There is no climax in "Sunday Bloody Sunday," and there is relatively no designated plot structure to speak of. It burgeons on the complexities of human relationships, sexuality, and the lurking torrent of the mid-life crisis - it creeps up on us, its emotional impact huge but nearly silent.
This trailblazing Schlesinger classic features an unusual love triangle and great performances from Finch & Jackson.
What a strange early seventies British film. I must admit when I first saw the title I thought of Northern Ireland and then I saw it starred Glenda Jackson in one of the lead roles.
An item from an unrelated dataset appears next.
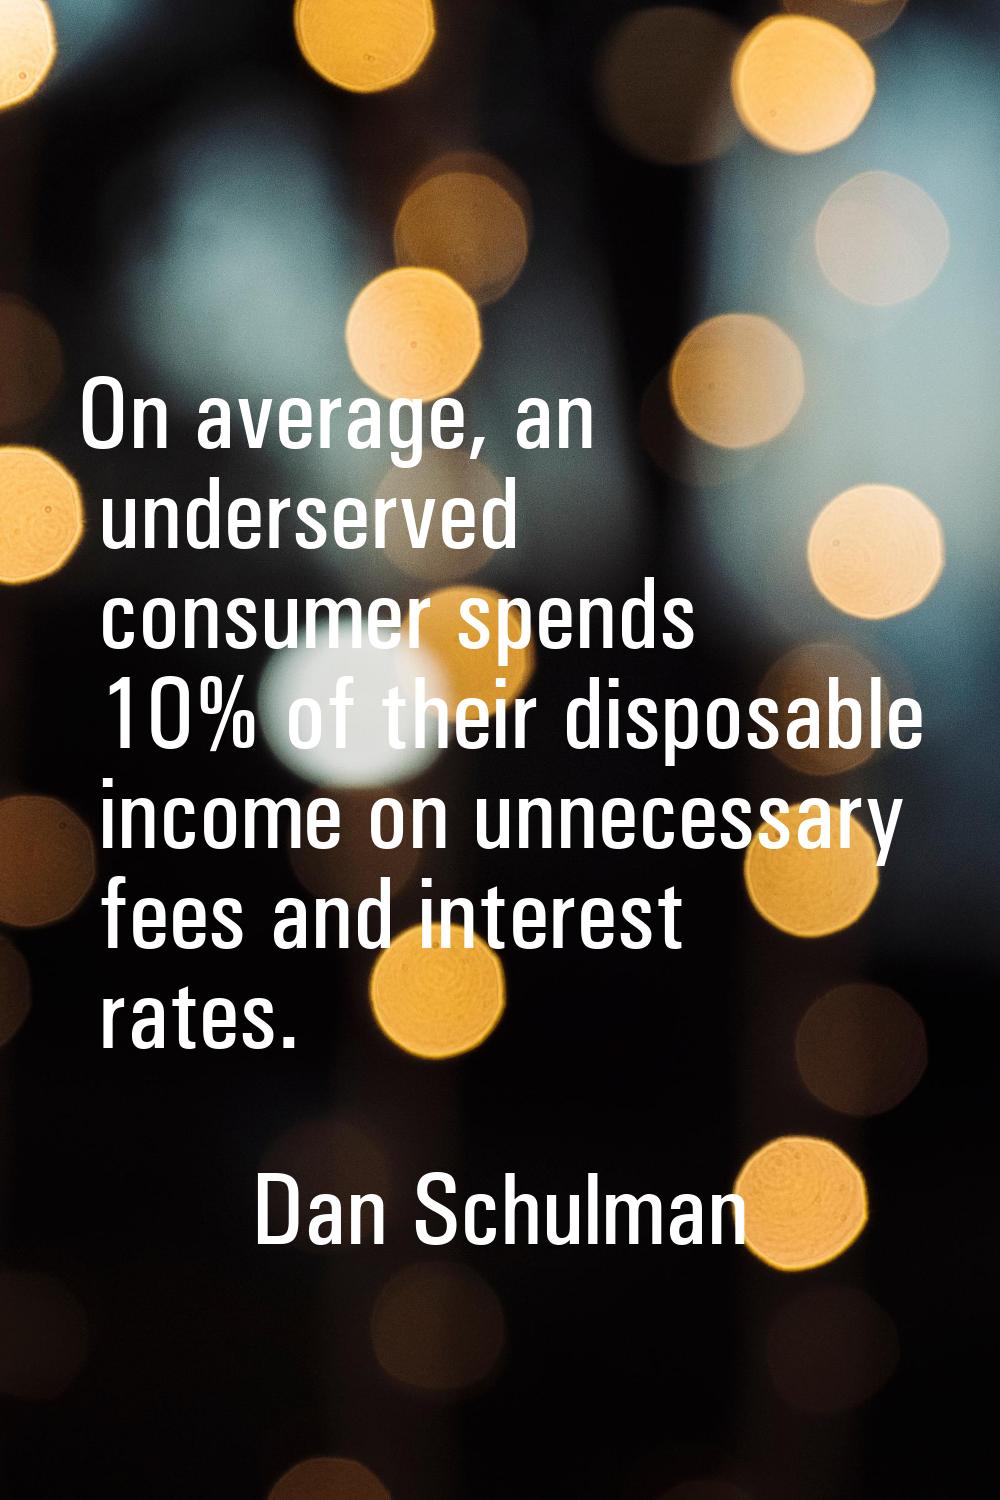 On average, an underserved consumer spends 10% of their disposable income on unnecessary fees and i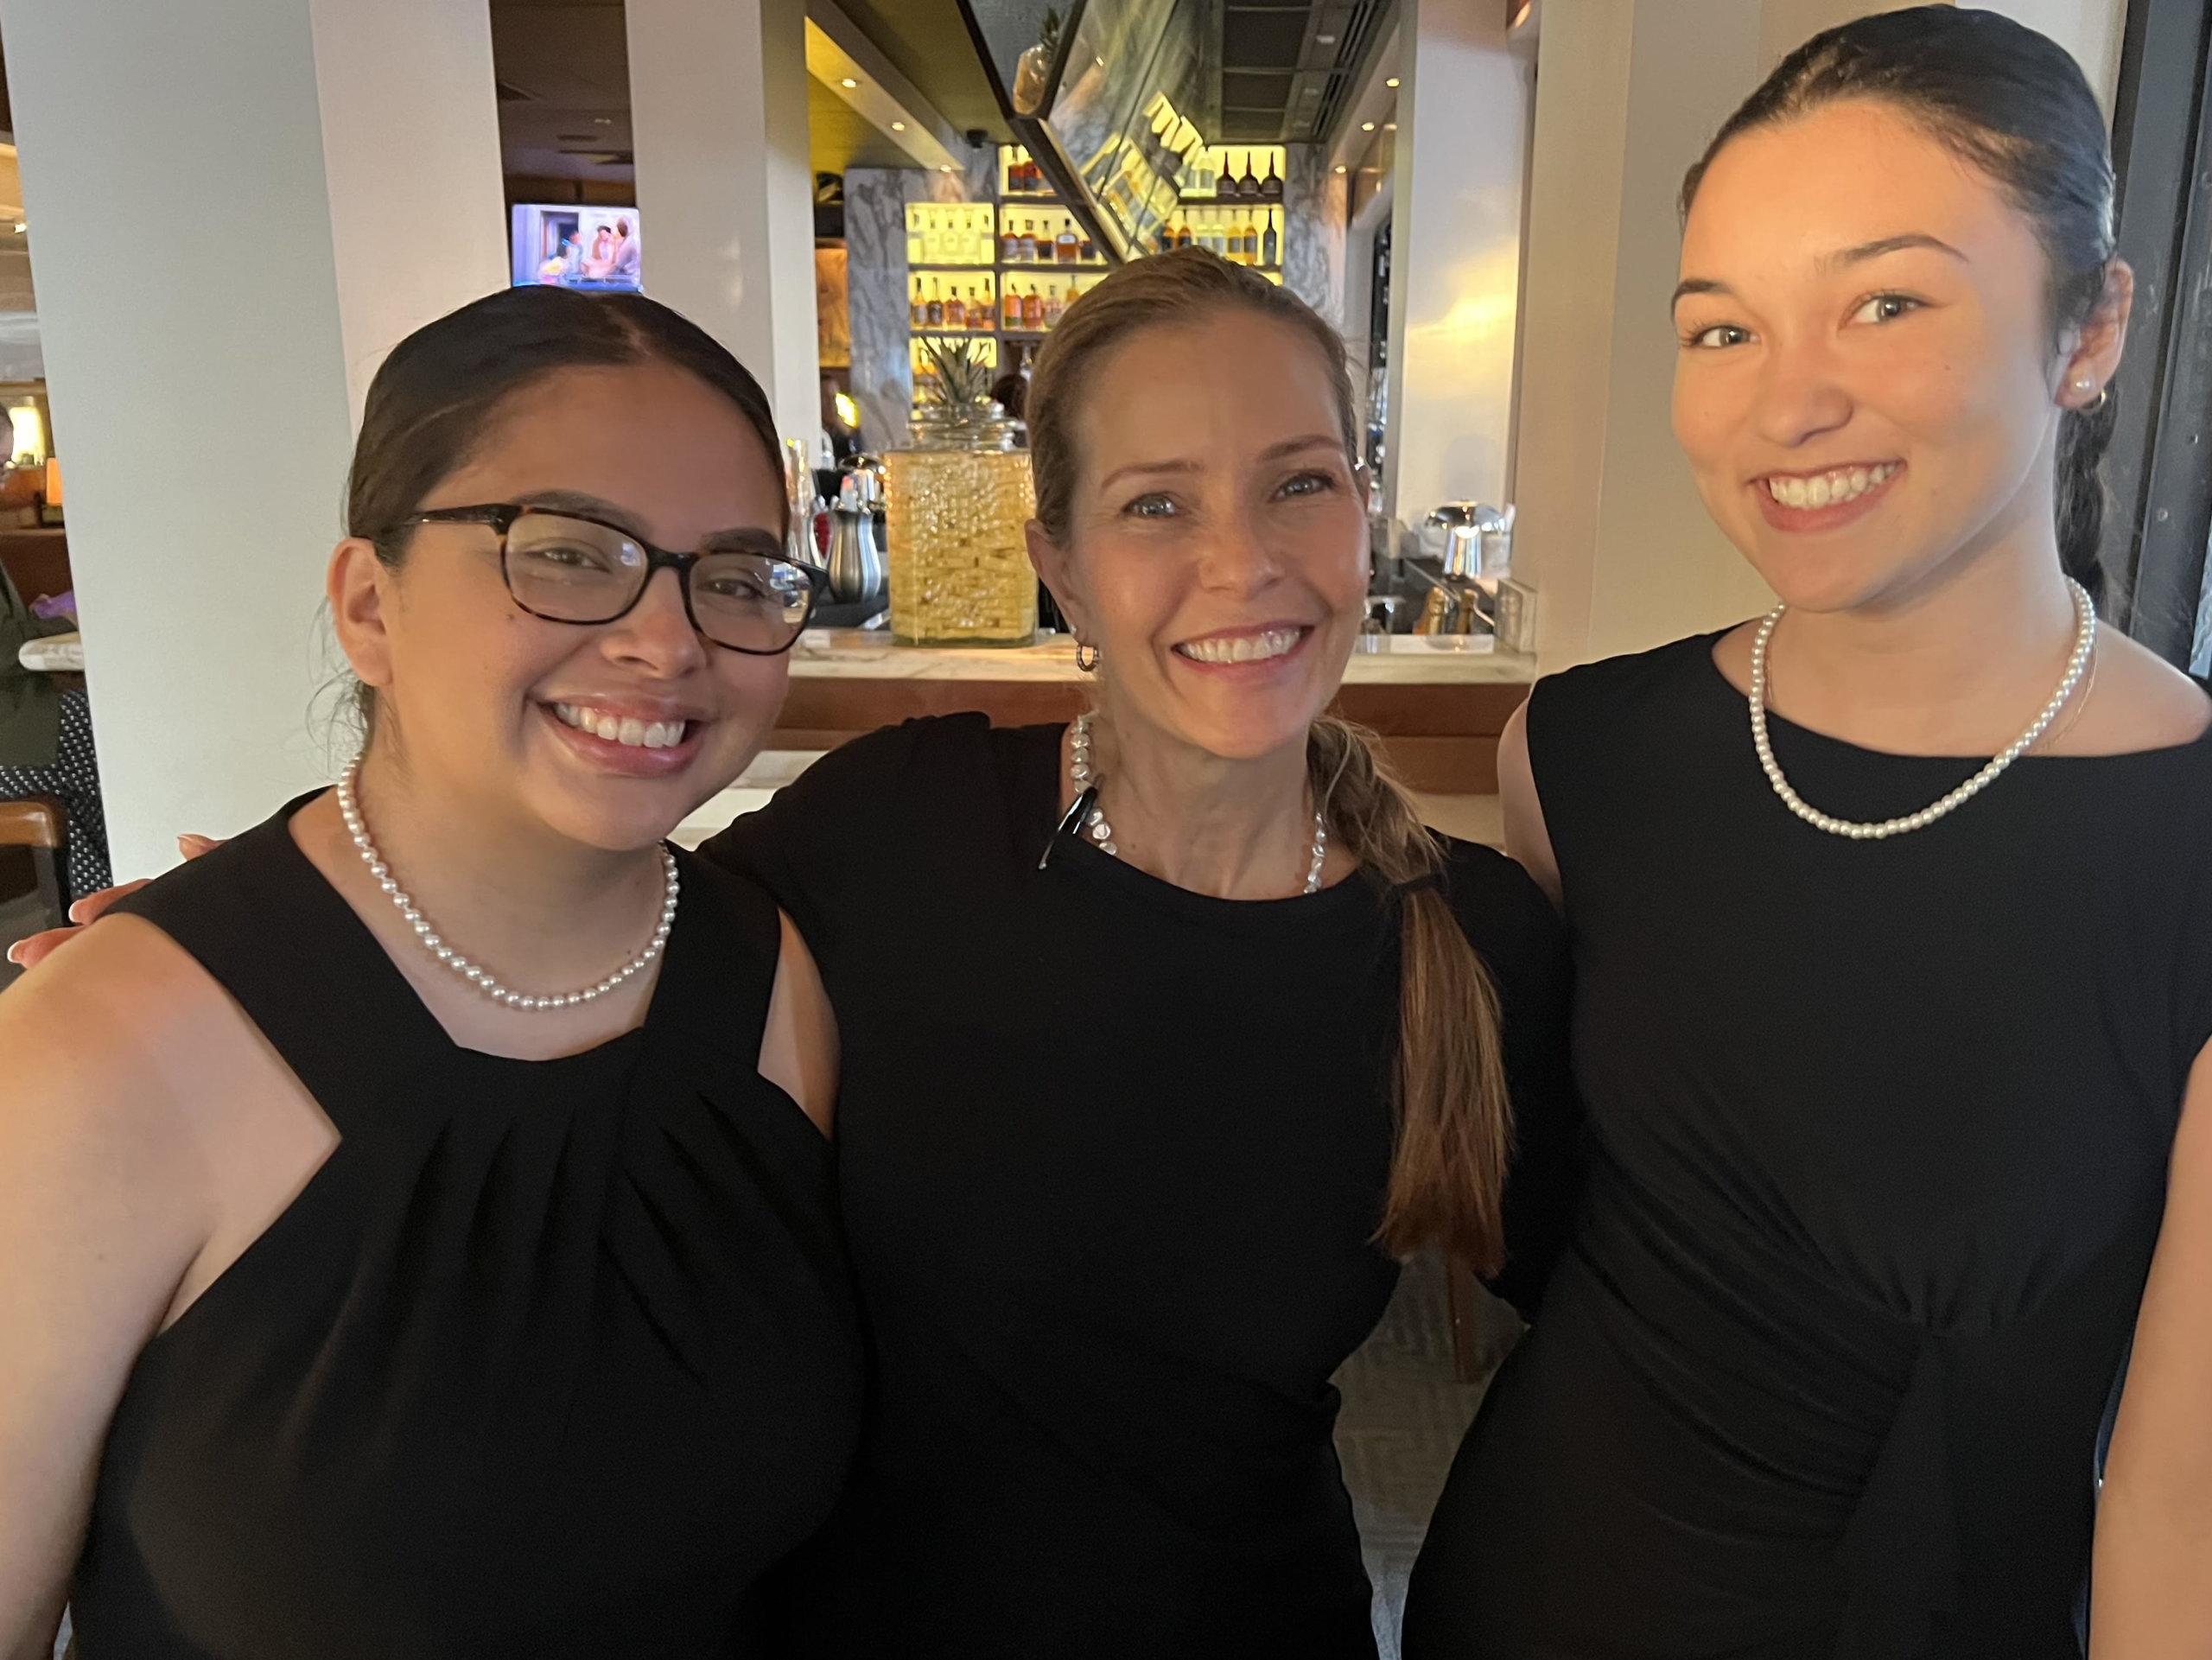 The "girls with the pearls" at BrickTops: Aleve, Audrey and Cindel

The film focuses on the bizarre love triangle between two couples one Bob Elkin and divorcee Alex Greville (Jackson) and the other Bob Elkin and Dr. Daniel Hirsh. Yes your eyes don't deceive you. The character Bob Elkin has both a heterosexual and gay relationship at the same time and what's even more bizarre about the arrangement is that both Greville and Hirsh know about it.
The film is pretty slow going nowadays but back in 1971 when it was made it was critically acclaimed and had Oscar nominations and BAFTA wins.
We learn that Elkin is about to leave both relationships to pursue work in New York. What will each patner left in the UK do?
Added to this is Dr. Hirsh's Jewish background and Greville's childhood memories and parents.
Director John Shlesinger carves a love story between three people.
It took me two viewings to make it through the 110 minutes.
Bold in it's day, the film is not "shocking" as it must have been in 1971, but it is still clever, intelligent and brilliantly made.
Of course, what was progressive then is now mundane, but its mundanity is kind of what makes it progressive even today; no histrionics or forced drama, just people loving who they love, and mourning when that love is taken away and then moving on with their lives. It's very rare in fiction (with good reason; only the surest of hands can make it work) so it's nice to see it happen every so often.
Something new for the time period. Good acting and character development.
Glenda Jackson and the late Peter Finch deliver a solid drama and exploration of relationships but cannot be considered among the top pantheon of films.
Schlesinger at his very best. It was considered shocking when it was first released but it's one of those films that I MUST see at least twice a year. It's definitely a big influence on the directors of the new queer cinema, of which many weren't even born when it was first released. The critics loved it so, while it was well respected, people stayed away in droves. Their loss.
Who the hell cares what eventually happened to this ménage à trois?